In 2015, Sun reported a high efficiency method to produce isoquinolines from aryl hydrazines and internal alkynes while hydrazine as the directing group. [15]This reaction can happen under mild conditions(80℃, air ), and for the first time it realized diazo molecules the C–H bond activation and N–N bond cleavage. It also has some notable advantages, the directing group is simple, the substrates can be prepared easily, external oxidants are not necessarily needed and adding benzoic acid provide an effective way to facilitate the catalytic cycle. In the experiment, hydrazine and alkyne were employed in [Cp*RhCl2]2 - benzoic acid system, change other kind of Rh catalysts or change solvent will cause the reaction became sluggish or even inert. However, using un-symmetric diaryl alkyne will generate two Regio-isomers in nearly 1: 1 ratio.
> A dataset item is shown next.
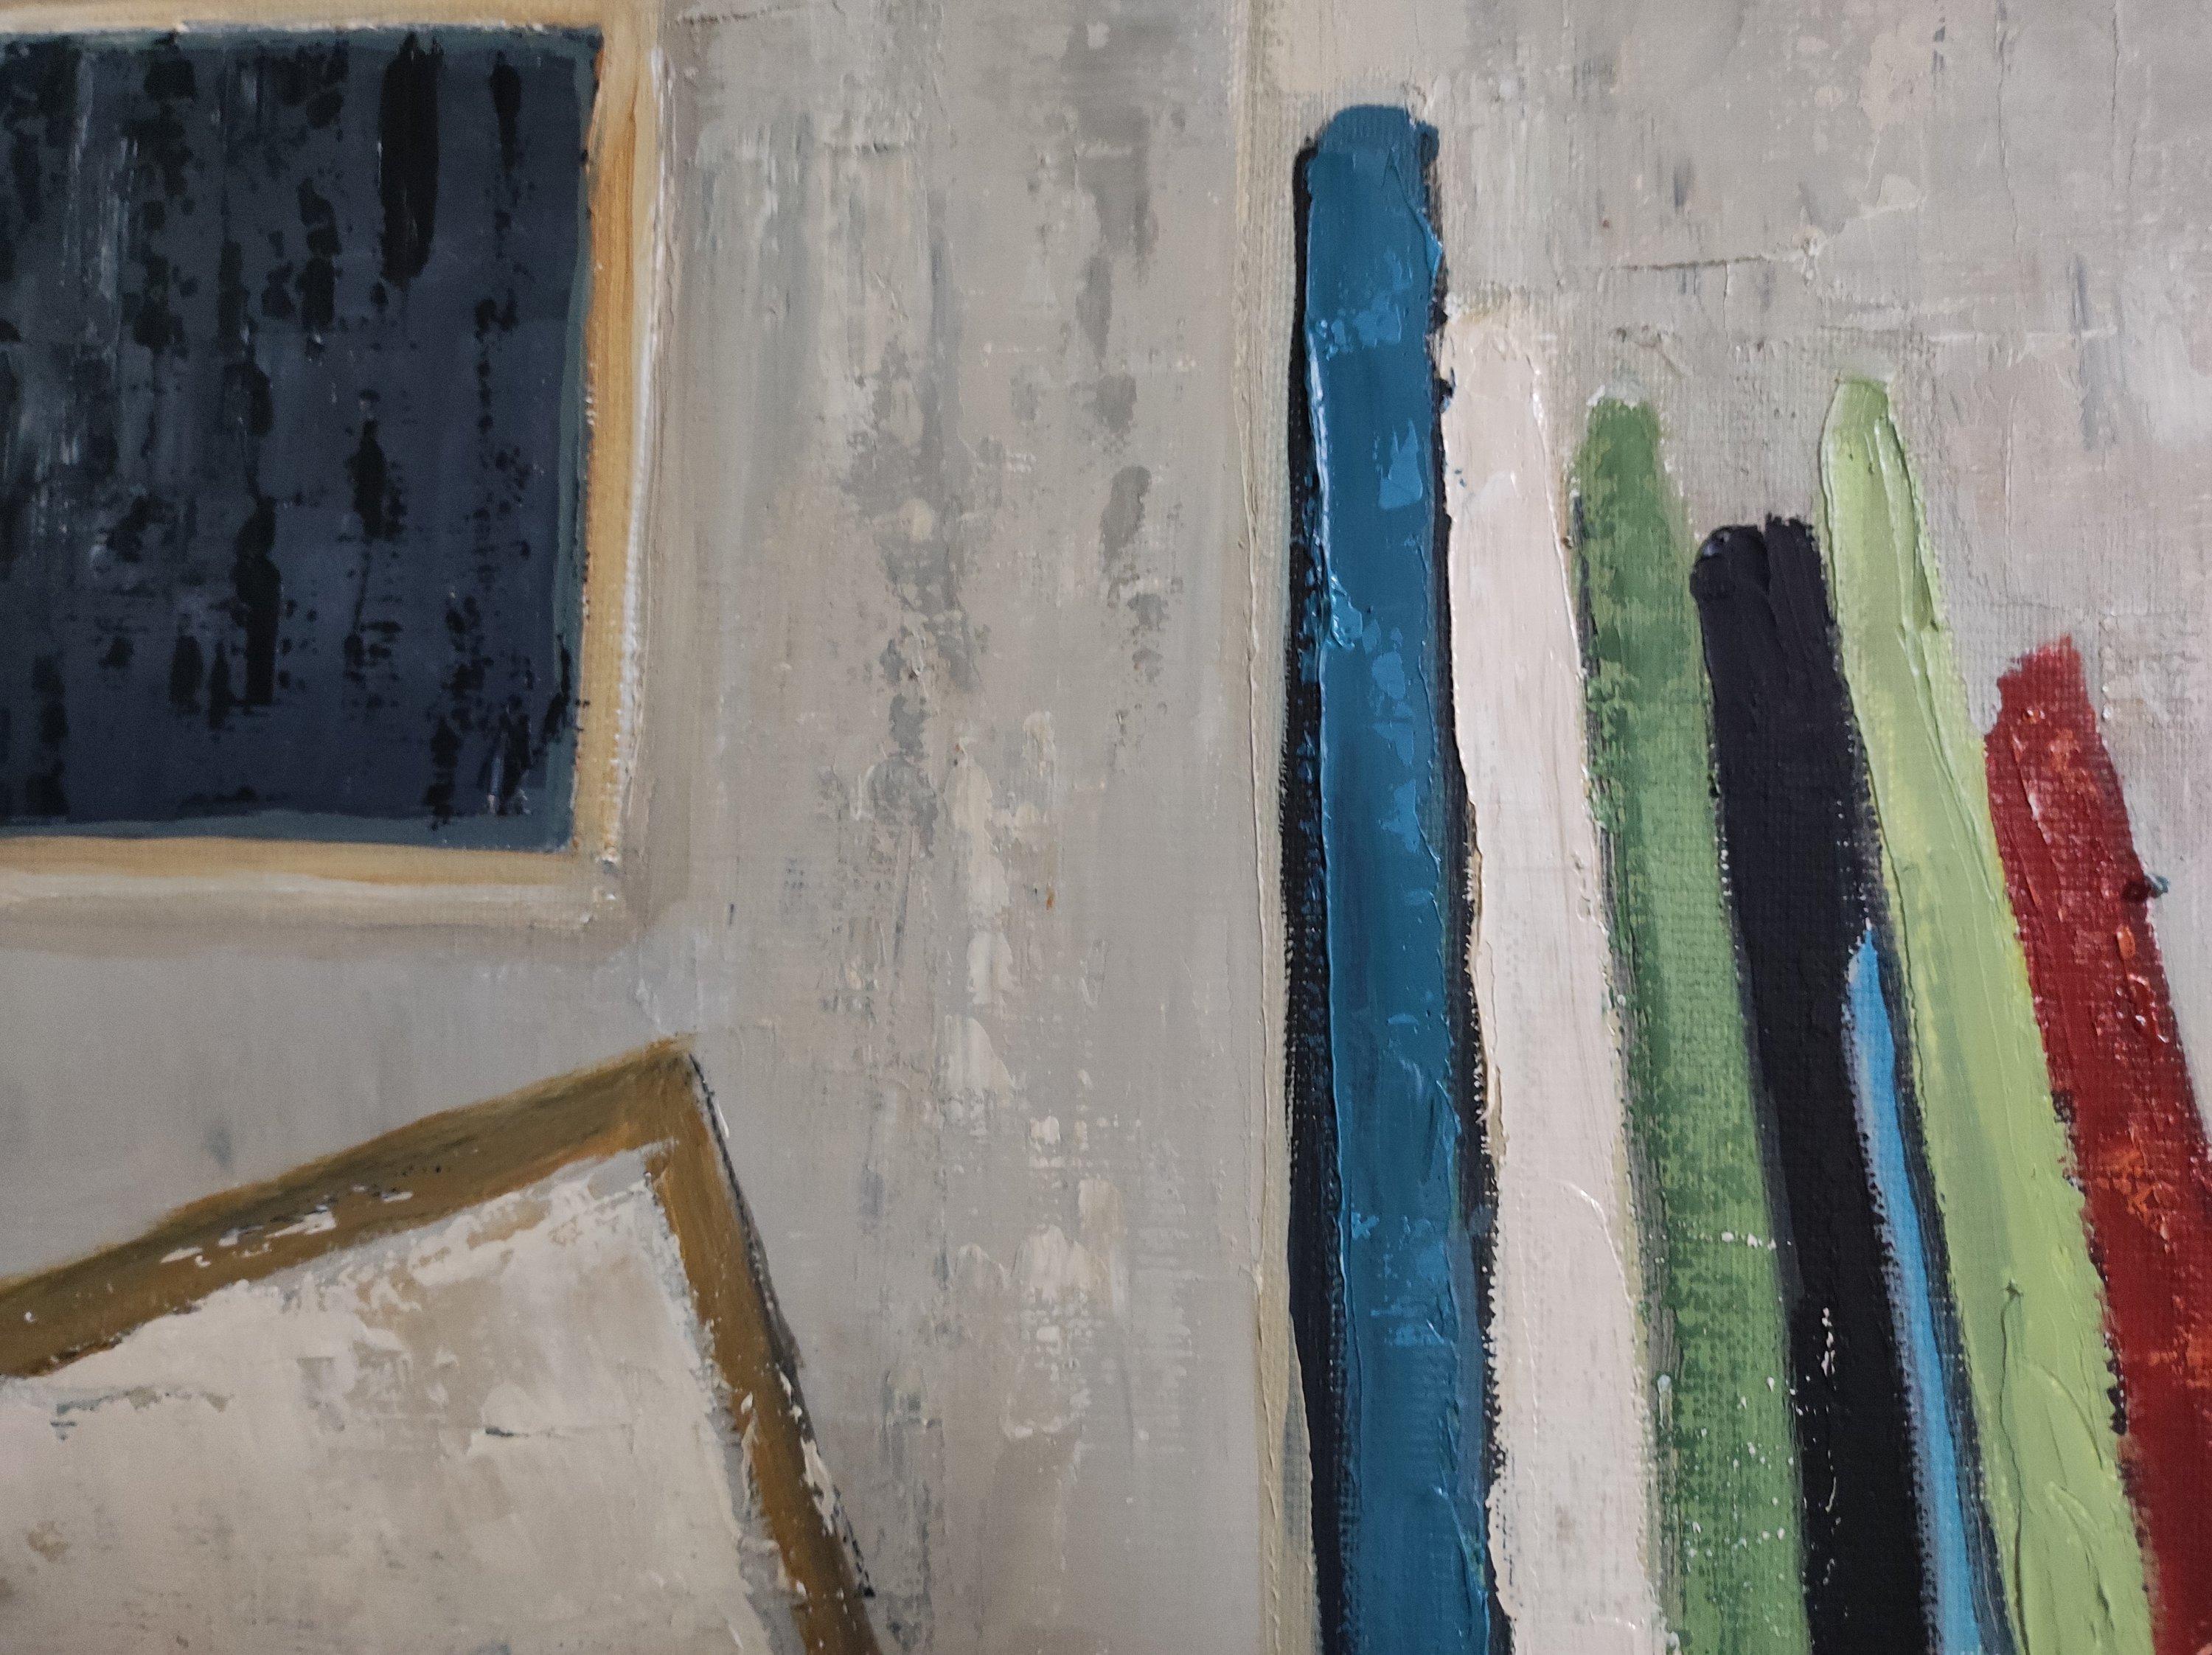 Dans cet atelier pictural, l'artiste propose une symphonie visuelle où la palette de couleurs s'anime avec une dominante de vert et de bleu. Ces teintes créent un mélange harmonieux, plongeant le spectateur dans un océan de nuances. L'utilisation du

On the bases of this reaction, Sun and his co-worker presented a possible mechanism. In the presence of [Cp*RhCl2]2, the ortho-C–H activation of reactant occurs with the help of N atom in hydrazine. This activation will produce the first intermediate. Then it will insert to alkyne to form another intermediate, a molecule which contained a seven-membered ring. Then with the existence of air and benzoic acid reductive elimination of this iminium cation would lead to the formation of isoquinoline and regeneration of the [Rh III] species under a redox process.

Graph 7 Sun’s method

Conclusion
In summary, these rhodium-catalyzed reactions provide straightforward routes to produce isoquinoline and derivatives, which are useful intermediates for various fine chemicals including medicines and organic materials. Although many effective methods have been proposed for the synthesis of isoquinoline, none of the methods can be applied to all substrates, therefore, the development of higher regioselectivity, higher catalytic activity of transition metal complex catalysts and the research to explore more suitable reaction conditions to isoquinoline synthesis is still the focus of future research.